From ca25d6bec2f794aff675d012bc65359c8a8425d5 Mon Sep 17 00:00:00 2001
From: kdockser <kdockser@tenstorrent.com>
Date: Tue, 23 Apr 2024 13:38:34 -0500
Subject: [PATCH 3/8] Fixed remaining include

---
 bfloat16.adoc | 48 +++++++++++++++++++++++++++++++++++++++++++++++-
 1 file changed, 47 insertions(+), 1 deletion(-)

diff --git a/bfloat16.adoc b/bfloat16.adoc
index 715228415..a25fcf1b6 100644
--- a/bfloat16.adoc
+++ b/bfloat16.adoc
@@ -46,7 +46,53 @@ multiplication blocks to be built. Similar
 to FP16, BF16 multiply-accumulate widening and dot-product instructions started to
 proliferate.
 
-include::riscv-bfloat16-audience.adoc[]
+// include::riscv-bfloat16-audience.adoc[]
+[[BF16_audience]]
+=== Intended Audience
+Floating-point arithmetic is a specialized subject, requiring people with many different
+backgrounds to cooperate in its correct and efficient implementation.
+Where possible, we have written this specification to be understandable by
+all, though we recognize that the motivations and references to
+algorithms or other specifications and standards may be unfamiliar to those
+who are not domain experts.
+
+This specification anticipates being read and acted on by various people
+with different backgrounds.
+We have tried to capture these backgrounds
+here, with a brief explanation of what we expect them to know, and how
+it relates to the specification.
+We hope this aids people's understanding of which aspects of the specification
+are particularly relevant to them, and which they may (safely!) ignore or
+pass to a colleague.
+
+Software developers::
+These are the people we expect to write code using the instructions
+in this specification.
+They should understand the motivations for the
+instructions we include, and be familiar with most of the algorithms
+and outside standards to which we refer.
+
+Computer architects::
+We expect architects to have some basic floating-point background.
+Furthermore, we expect architects to be able to examine our instructions
+for implementation issues, understand how the instructions will be used
+in context, and advise on how they best to fit the functionality.
+
+Digital design engineers & micro-architects::
+These are the people who will implement the specification inside a
+core. Floating-point expertise is assumed as not all of the corner
+cases are pointed out in the specification.
+
+Verification engineers::
+Responsible for ensuring the correct implementation of the extension
+in hardware.

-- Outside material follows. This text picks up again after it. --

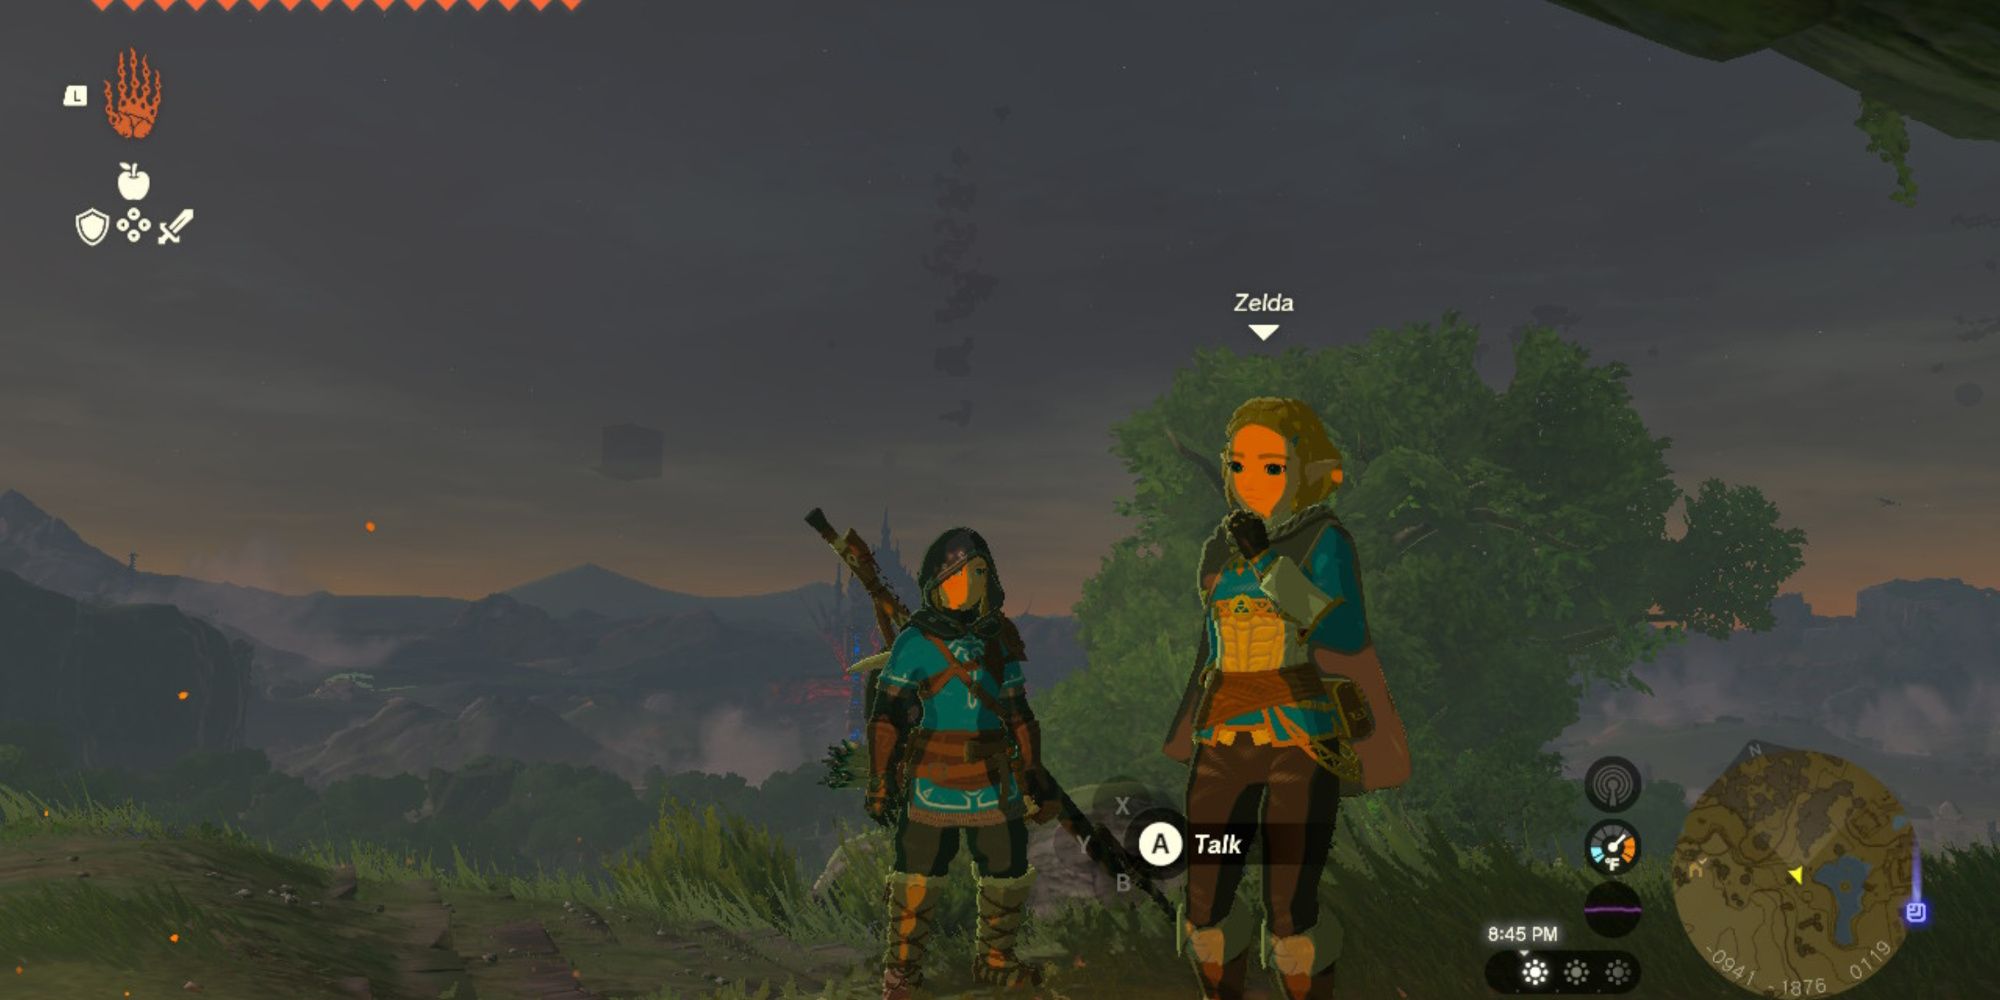 The Legend of Zelda: Tears of the Kingdom: Infantrymen of the Ega Clan disguised as Zelda on the Great Plateau near the Temple of Resurrection

These people are expected to have some floating-point
+expertise so that they can identify and generate the interesting corner
+cases --- include exceptions --- that are common in floating-point
+architectures and implementations.
+
+
+These are by no means the only people concerned with the specification,
+but they are the ones we considered most while writing it.
 
 [[BF16_format]]
 === Number Format

From 8ff4309e40bd75c51e80f21d75d06615e103bf73 Mon Sep 17 00:00:00 2001
From: kdockser <kdockser@tenstorrent.com>
Date: Tue, 23 Apr 2024 13:45:52 -0500
Subject: [PATCH 4/8] Fixed extraneous bibliography::[]

---
 bfloat16.adoc | 3 ++-
 1 file changed, 2 insertions(+), 1 deletion(-)

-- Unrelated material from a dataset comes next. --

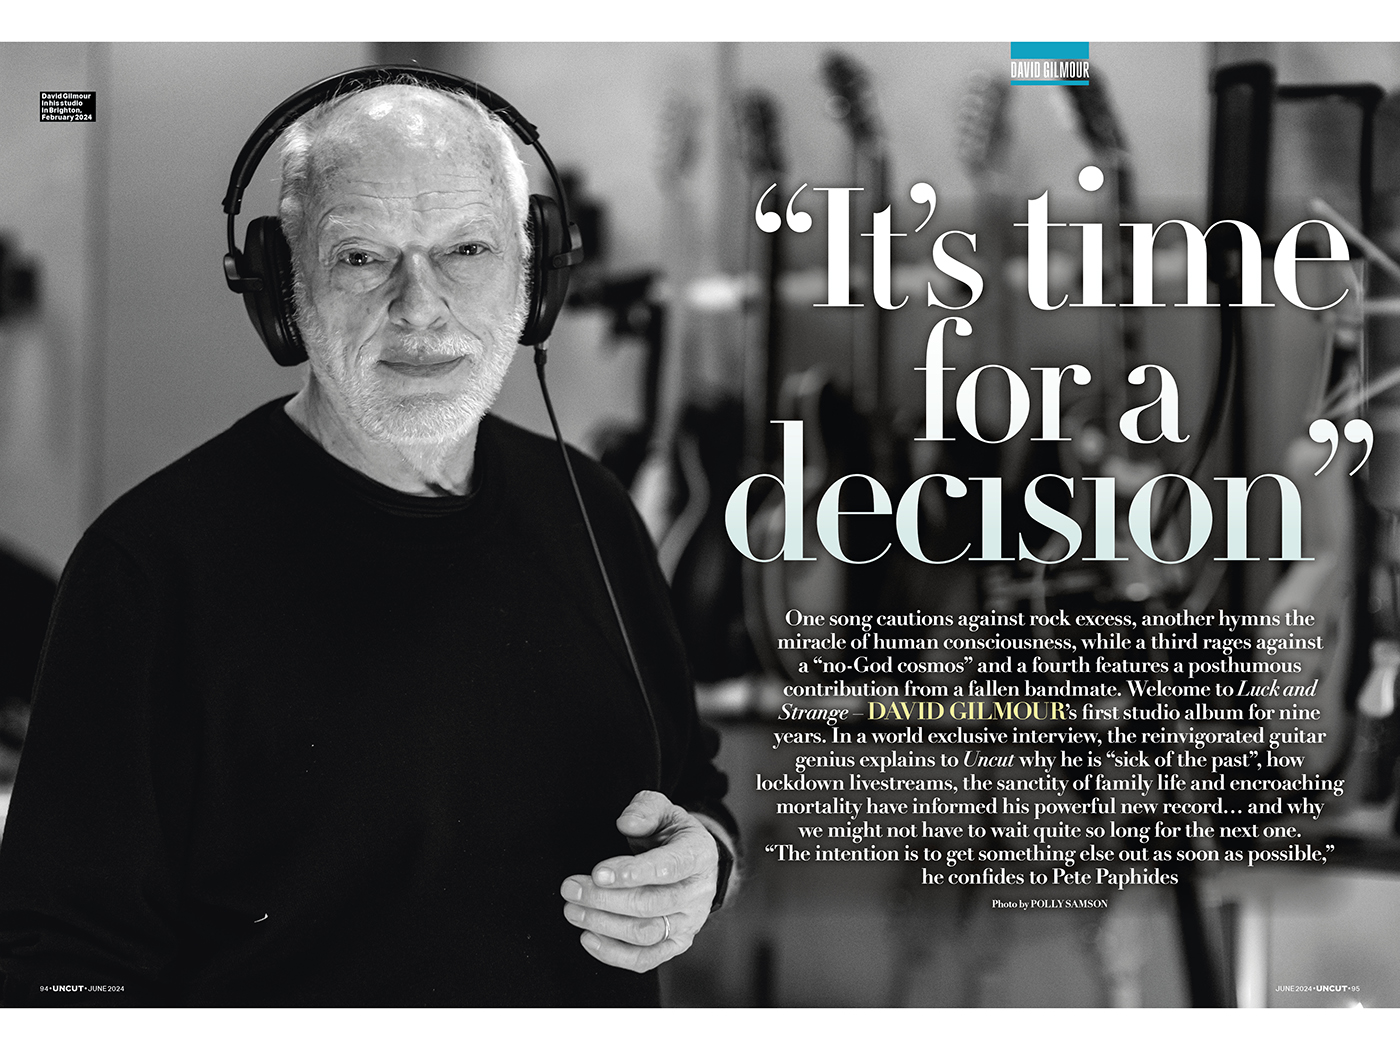 David Gilmour interviewed: "There was no pious false respect"

diff --git a/bfloat16.adoc b/bfloat16.adoc
index a25fcf1b6..75bd42619 100644
--- a/bfloat16.adoc
+++ b/bfloat16.adoc
@@ -764,6 +764,7 @@ Included in: <<zvfbfwma>>
 [bibliography]
 === Bibliography
 
-bibliography::[]
+// bibliography::[]
+
 https://ieeexplore.ieee.org/document/8766229[754-2019 - IEEE Standard for Floating-Point Arithmetic] +
 https://ieeexplore.ieee.org/document/4610935[754-2008 - IEEE Standard for Floating-Point Arithmetic]

From 272c3884ba7d74f2cc31b7194261bb6fbd3484f2 Mon Sep 17 00:00:00 2001
From: kdockser <kdockser@tenstorrent.com>
Date: Tue, 23 Apr 2024 13:54:10 -0500
Subject: [PATCH 5/8] Moved bfloat16.adoc to src

---
 bfloat16.adoc => src/bfloat16.adoc | 0
 1 file changed, 0 insertions(+), 0 deletions(-)
 rename bfloat16.adoc => src/bfloat16.adoc (100%)

diff --git a/bfloat16.adoc b/src/bfloat16.adoc
similarity index 100%
rename from bfloat16.adoc
rename to src/bfloat16.adoc

From 4dc23d6229de1b811dd6b1afcc3b5004d3face0d Mon Sep 17 00:00:00 2001
From: kdockser <kdockser@tenstorrent.com>
Date: Tue, 23 Apr 2024 15:00:06 -0500
Subject: [PATCH 6/8] Added Chapter title to BF16

---
 src/bfloat16.adoc | 3 +++
 1 file changed, 3 insertions(+)

diff --git a/src/bfloat16.adoc b/src/bfloat16.adoc
index 75bd42619..9078fe551 100644
--- a/src/bfloat16.adoc
+++ b/src/bfloat16.adoc
@@ -1,3 +1,6 @@
+[[bf16]]
+== "BF16" Extensions for for BFloat16-precision Floating-Point, Version 1.0
+
 [[BF16_introduction]]
 === Introduction
 

From 010853055b352749ff11559528ed3c36874457d4 Mon Sep 17 00:00:00 2001
From: kdockser <kdockser@tenstorrent.com>
Date: Tue, 23 Apr 2024 16:42:27 -0500
Subject: [PATCH 7/8] Added back new-pages after each instruction

---
 src/bfloat16.adoc | 10 +++++-----
 1 file changed, 5 insertions(+), 5 deletions(-)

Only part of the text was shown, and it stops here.